An angioplasty is performed when the blockages are less than three or if the person is unwilling for a bypass. A bypass surgery is always preferable if there are more than 2 blocked arteries. An angioplasty is a much shorter procedure, with the actual procedure lasting under an hour. Bypass surgery also called open heart surgery, is fairly longer, lasting between 3-6 hours, depending on the number of arteries being bypassed. The patient is mostly kept awake and conscious during an angioplasty. Only a local anaesthetic is given in the region from where the guide wire is inserted. During a bypass surgery, the patient is kept unconscious during the entire procedure.

Also, the procedures themselves are so very different that it makes the doctor’s skill and experience a concern.
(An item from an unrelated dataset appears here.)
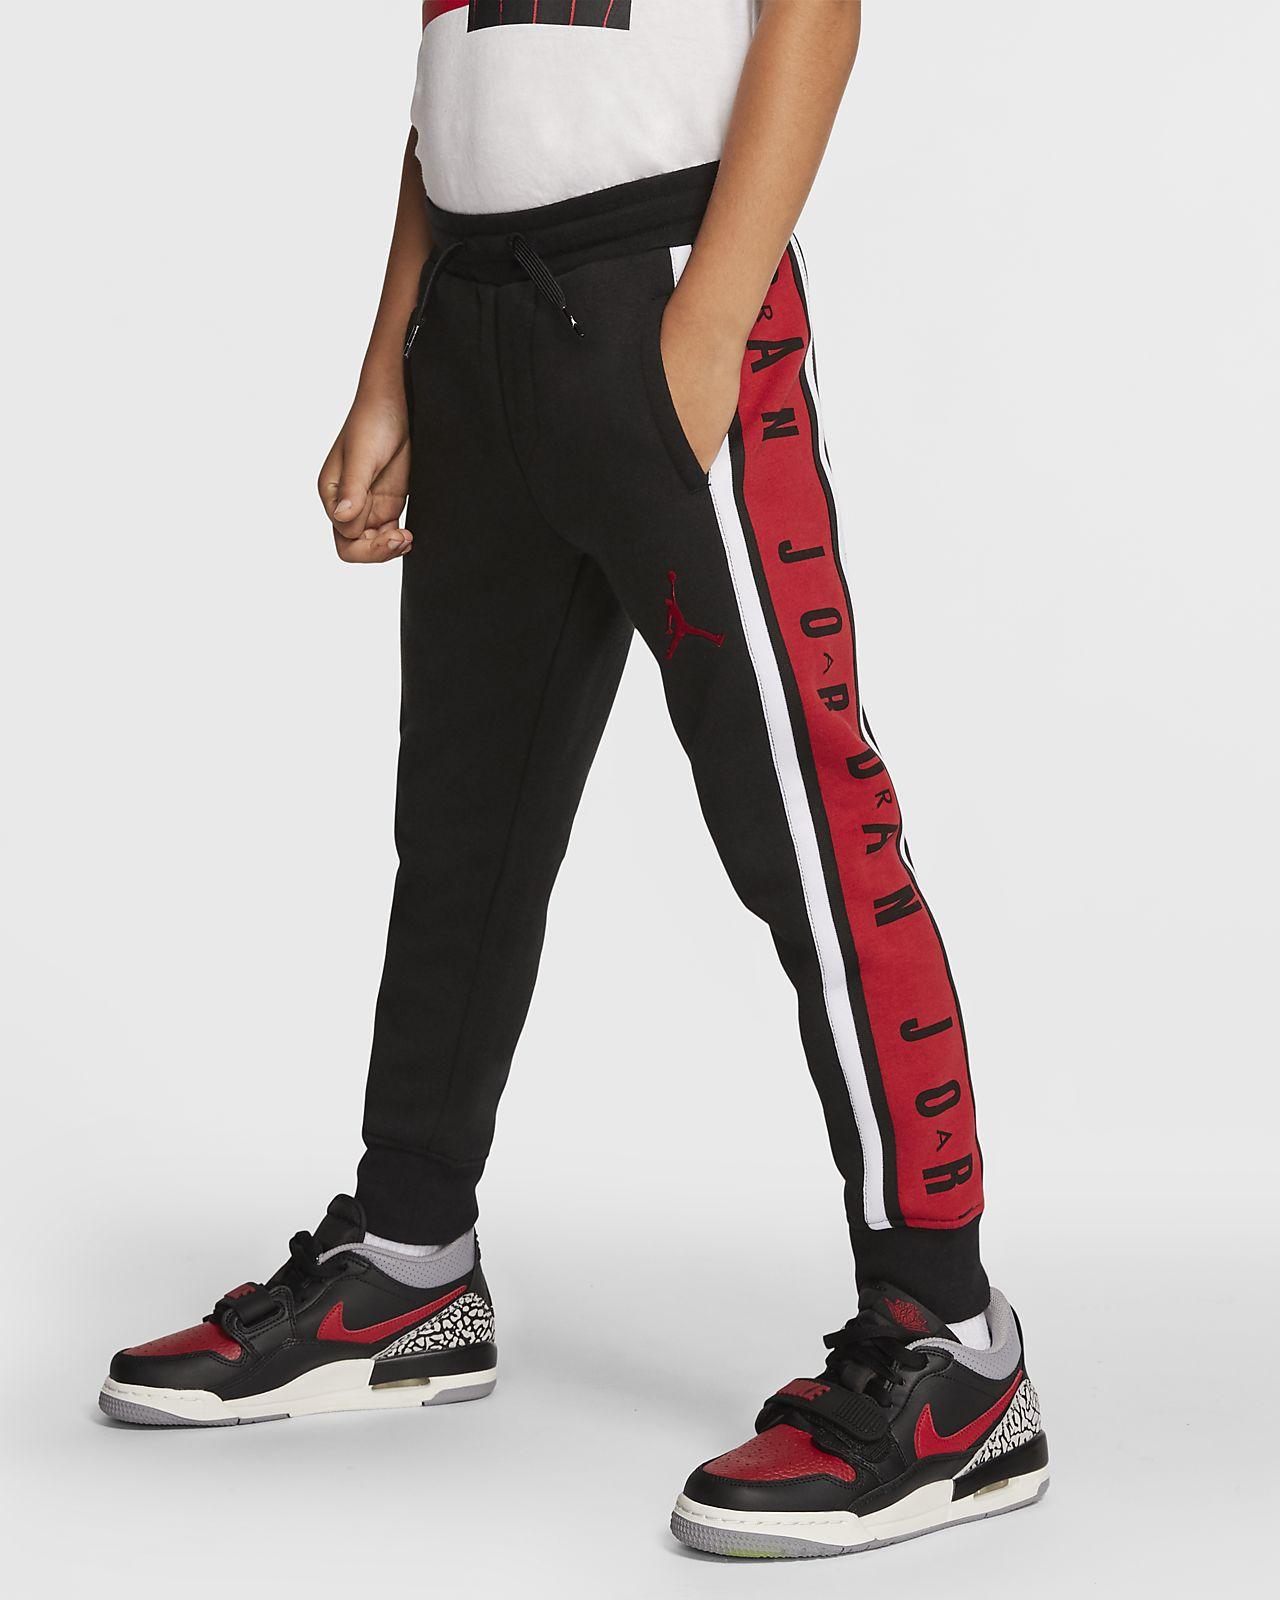 Air Jordan Color-Blocked Taped 幼童长裤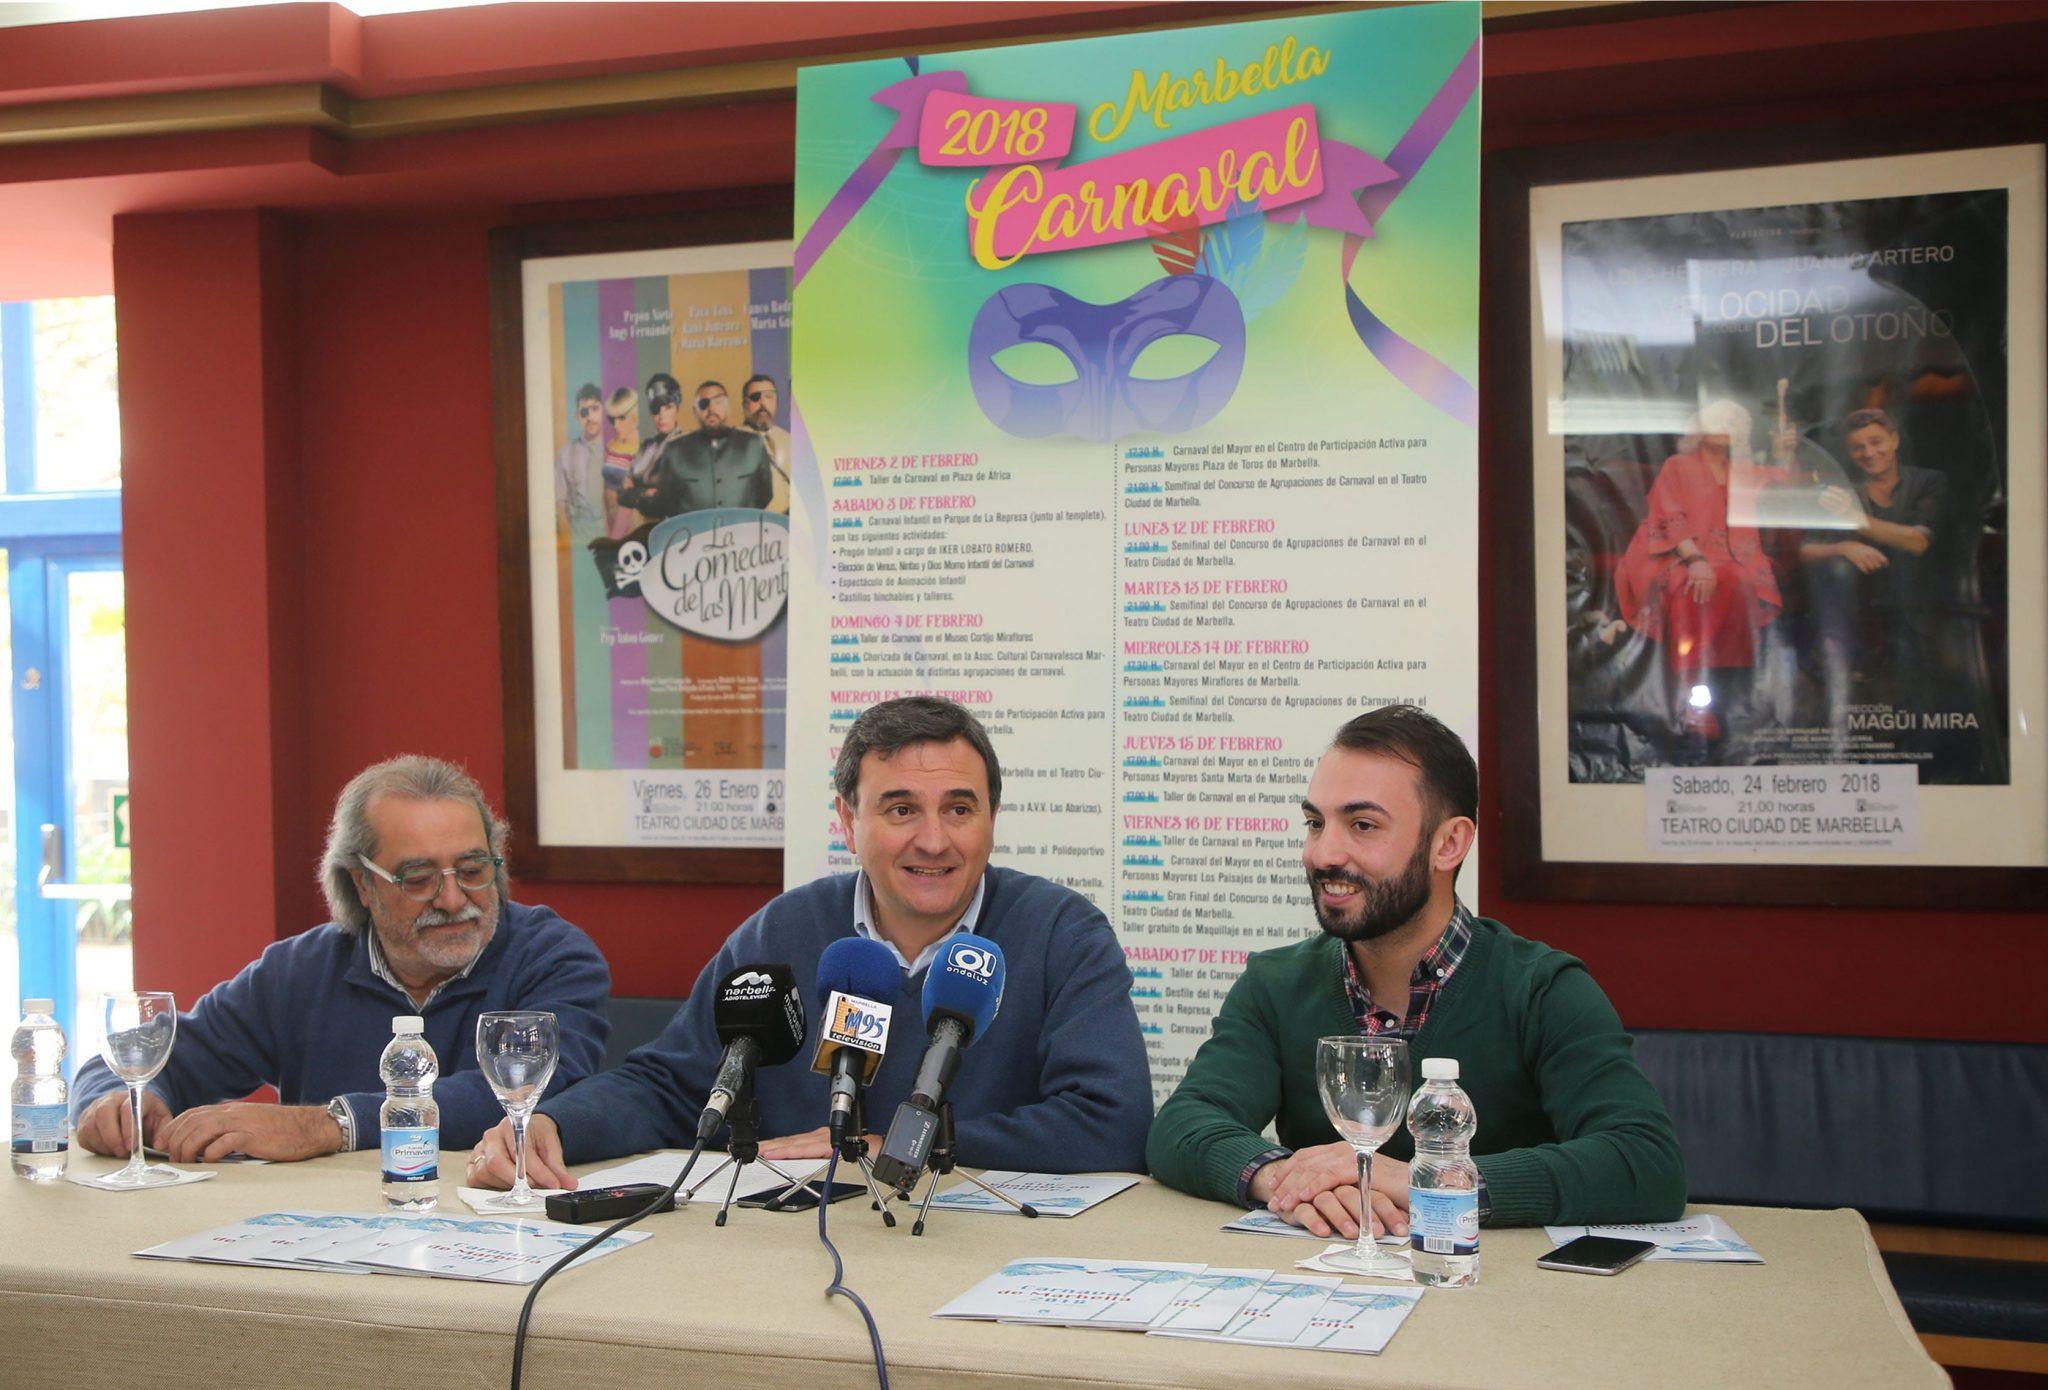 El Carnaval de Marbella contará con una treintena de actividades en todos los distritos y se desarrollará del 2 al 17 de febrero

In an angioplasty, the entire procedure of unblocking the artery using a balloon and stenting it, is done using a guide wire passed in through an artery in the arm or thigh. The amount of skill required is a lot, but the risks are lesser when you compare it to a bypass surgery. During a bypass surgery, the rib cage is opened to access the heart, arteries manually removed from the chest or the thigh region and stapled into place in the heart to restore blood supply to the affected region. An experienced doctor will do a job so good that the new grafts will never give you any trouble for the remainder of your life. Stents, in fact, have the risk of collapsing in the first one year after placement. In such a case, one has to opt for an emergency bypass surgery.

Take home pointers:

Angioplasty involves placing a tiny metal tube inside the blocked artery of the heart to restore blood flow. Bypass surgery involves replacing old blocked arteries with new, patent ones from the patient’s own body.
Angioplasty is shorter, easier, has less recovery time and lesser risks.
Bypass surgery is longer, requires greater skill and precision, has a longer recovery time and more risks during procedure.
Cost-wise the difference is not too significant between the procedures.
Both the procedures are equally beneficial, although the skill of the doctor is an important deciding factor in the outcome.